The upcoming phase II data is expected to provide more comprehensive information on dosing, safety, and efficacy. Based on phase I results, the company is likely to select a 50mg dose for further testing, which demonstrated an 88% reduction in plasma PKK levels. This reduction is significantly above the threshold (~45%) where HAE attack rates significantly decrease. If successful, NTLA-2002 could offer patients significant relief from HAE, potentially eliminating the need for ongoing treatments and associated costs.

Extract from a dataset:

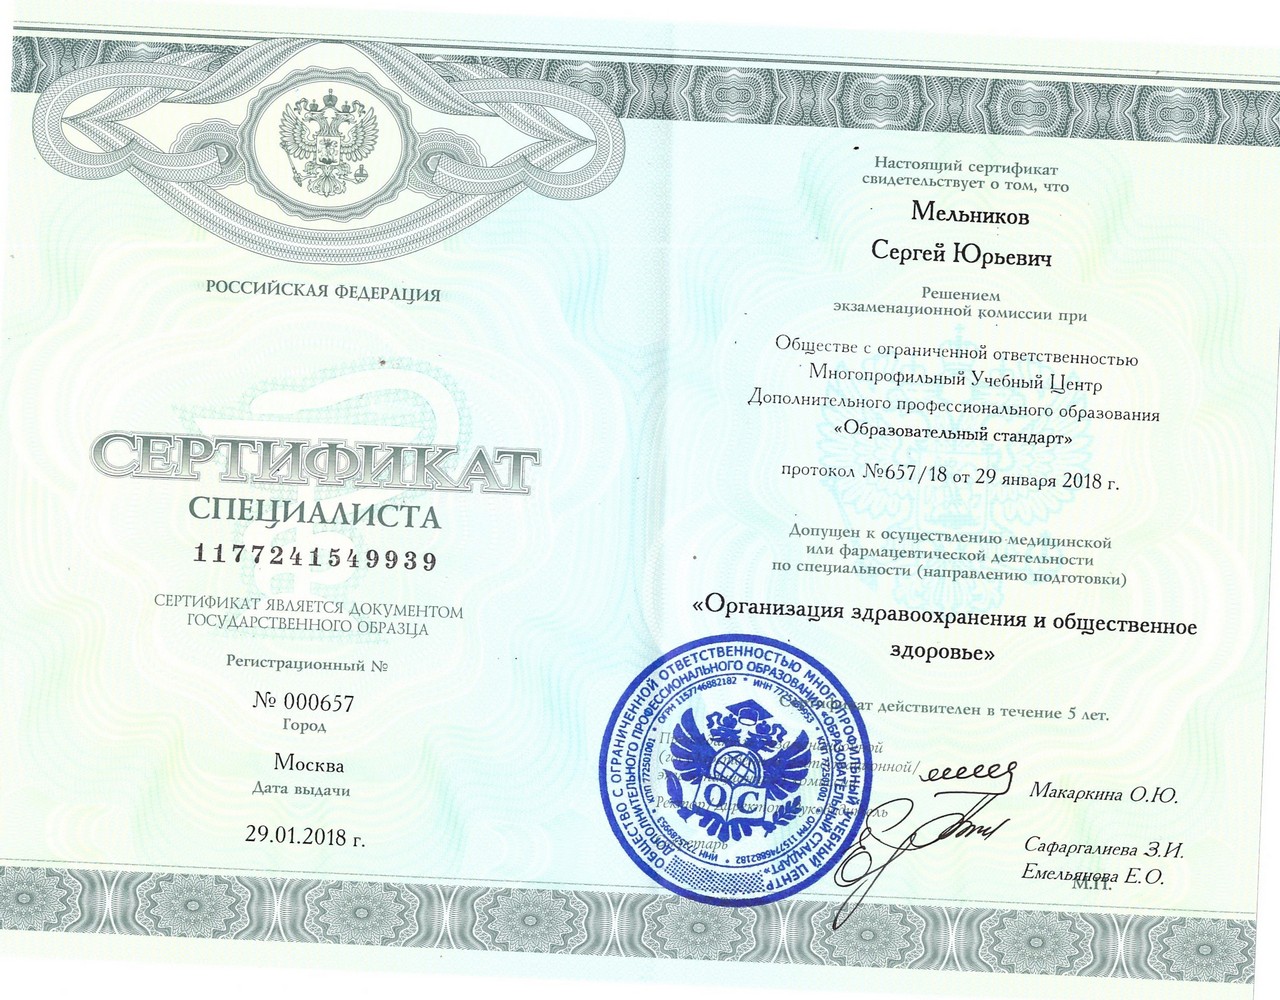 Мельников Сертификат Здоровье

While the potential price tag of NTLA-2002 may be high, estimated at $2-3 million per patient, it could prove cost-effective in the long run compared to current treatments that often exceed $500,000 annually. Although costly, NTLA-2002 represents a significant advancement in medical innovation for HAE patients.
Papers
Integrated multimodal cell atlas of Alzheimer’s disease [Gabitto et al., Nature Neuro, Oct 2024]
The Allen Institute for Brain Science published this week in Nature Neuroscience a multimodal cell atlas of Alzheimer's disease (AD) progression in the human brain. While the accumulation of amyloid plaques and tau tangles in AD is well-characterized, the specific cell types affected and molecular changes occurring over the course of disease progression remain poorly understood.

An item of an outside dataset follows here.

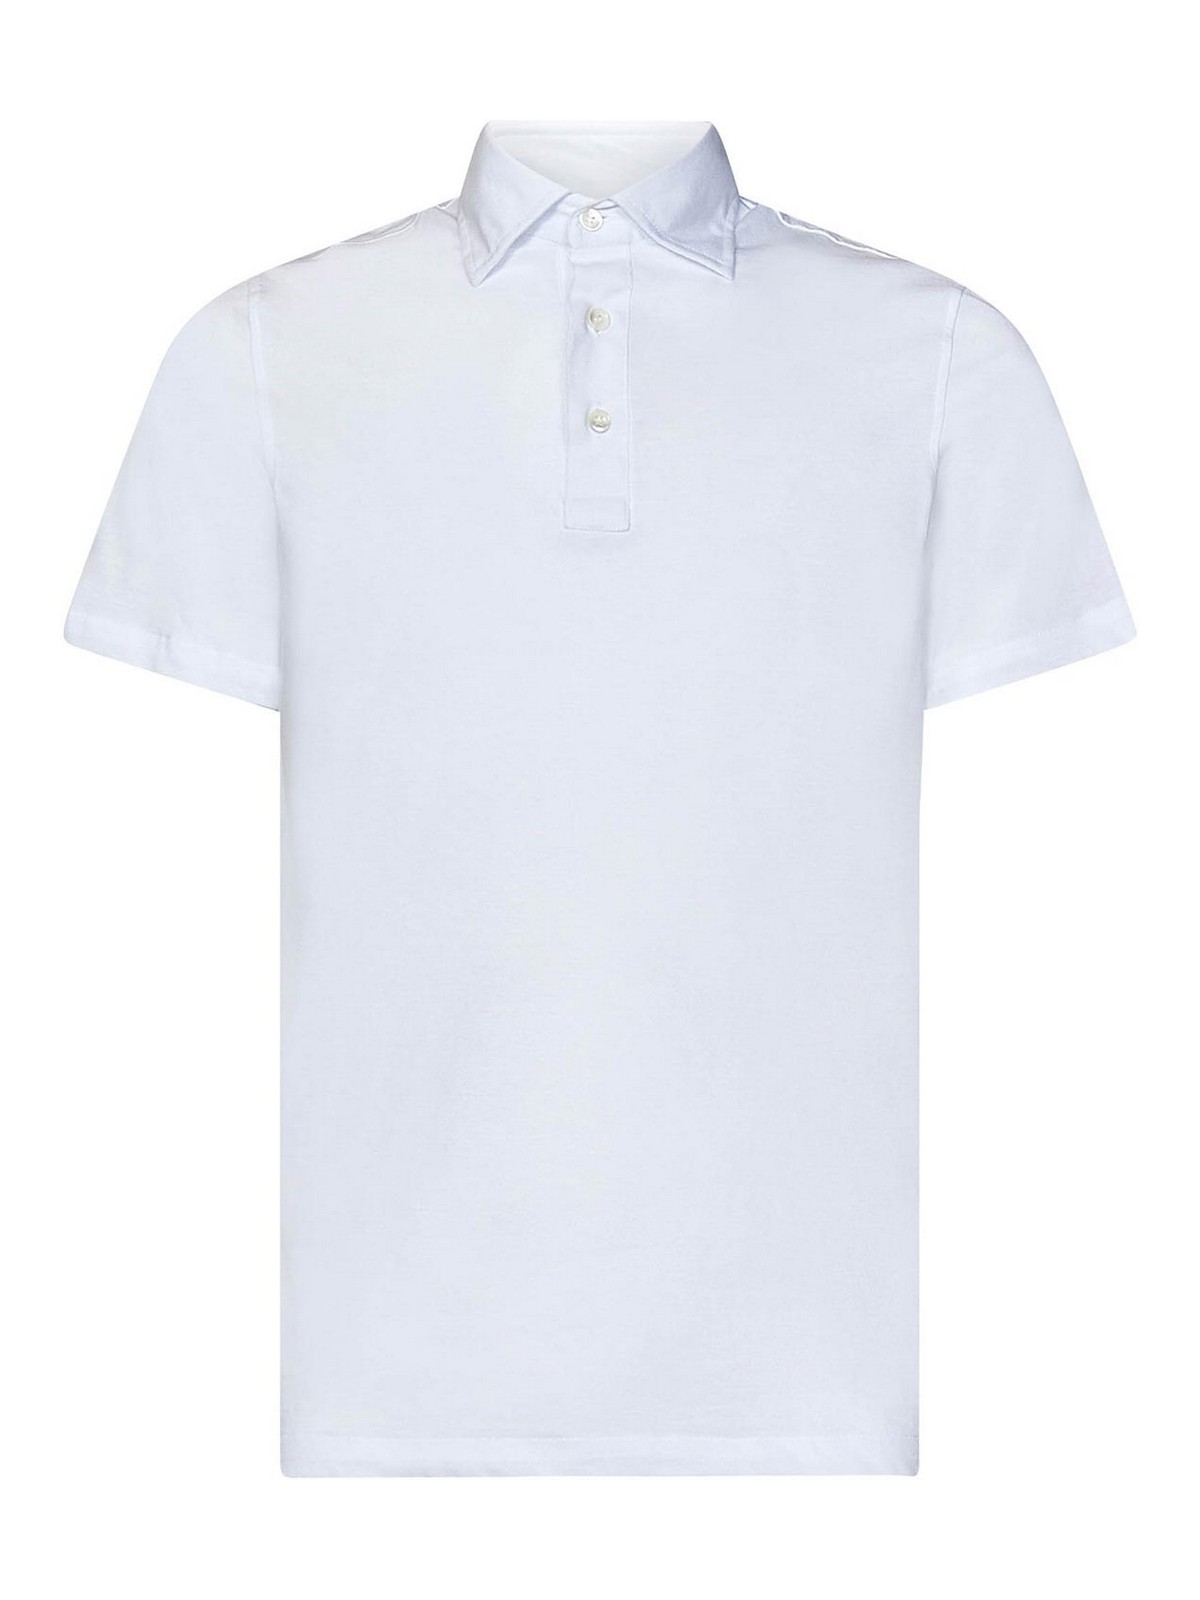 Luigi Borrelli White Cotton Jersey Polo Shirt

Using postmortem brain tissue from 84 donors spanning the range of AD pathology using single-nucleus RNA sequencing, ATAC-seq (epigenetic changes), spatial transcriptomics, and quantitative neuropathology two major epochs of AD disease progression were discovered: 1) an early phase with slowly increasing pathology, characterized by microglial and astrocyte activation, loss of specific somatostatin interneurons in superficial cortical layers, and oligodendrocyte changes; and 2) a late phase with exponential increases in amyloid and tau pathology, featuring broader neuronal loss (especially layer 2/3 intratelencephalic excitatory and parvalbumin/VIP inhibitory neurons), continued glial activation, and more extensive cellular dysfunction across multiple cell types. This biphasic progression highlights the distinct cellular and molecular changes occurring at different stages of AD pathology.
These findings highlight the importance of early therapeutic intervention that target specific cell types involved in the initial epoch of disease progress (e.g., microglial-targeting drugs) in order to prevent transition to the more aggressive late phase of the disease characterized by increases in amyloid and tau pathology.
Nellie: Automated organelle segmentation, tracking, and hierarchical feature extraction in 2D/3D live-cell microscopy [Lefebvre et al., arXiv, 2024]
Image analysis of dynamic organelles remains a challenge due to the “limitations inherent to microscopy such as acquisition speed, the diffraction limit, and tradeoffs between signal and phototoxicity, pose significant challenges in extracting this information”. In order to provide detailed extraction of spatial and temporal features at multiple organellar scales, the authors developed Nellie. Nellie is a computational pipeline that automates the segmentation, tracking, and feature extraction of organelles, eliminating user bias and saving time.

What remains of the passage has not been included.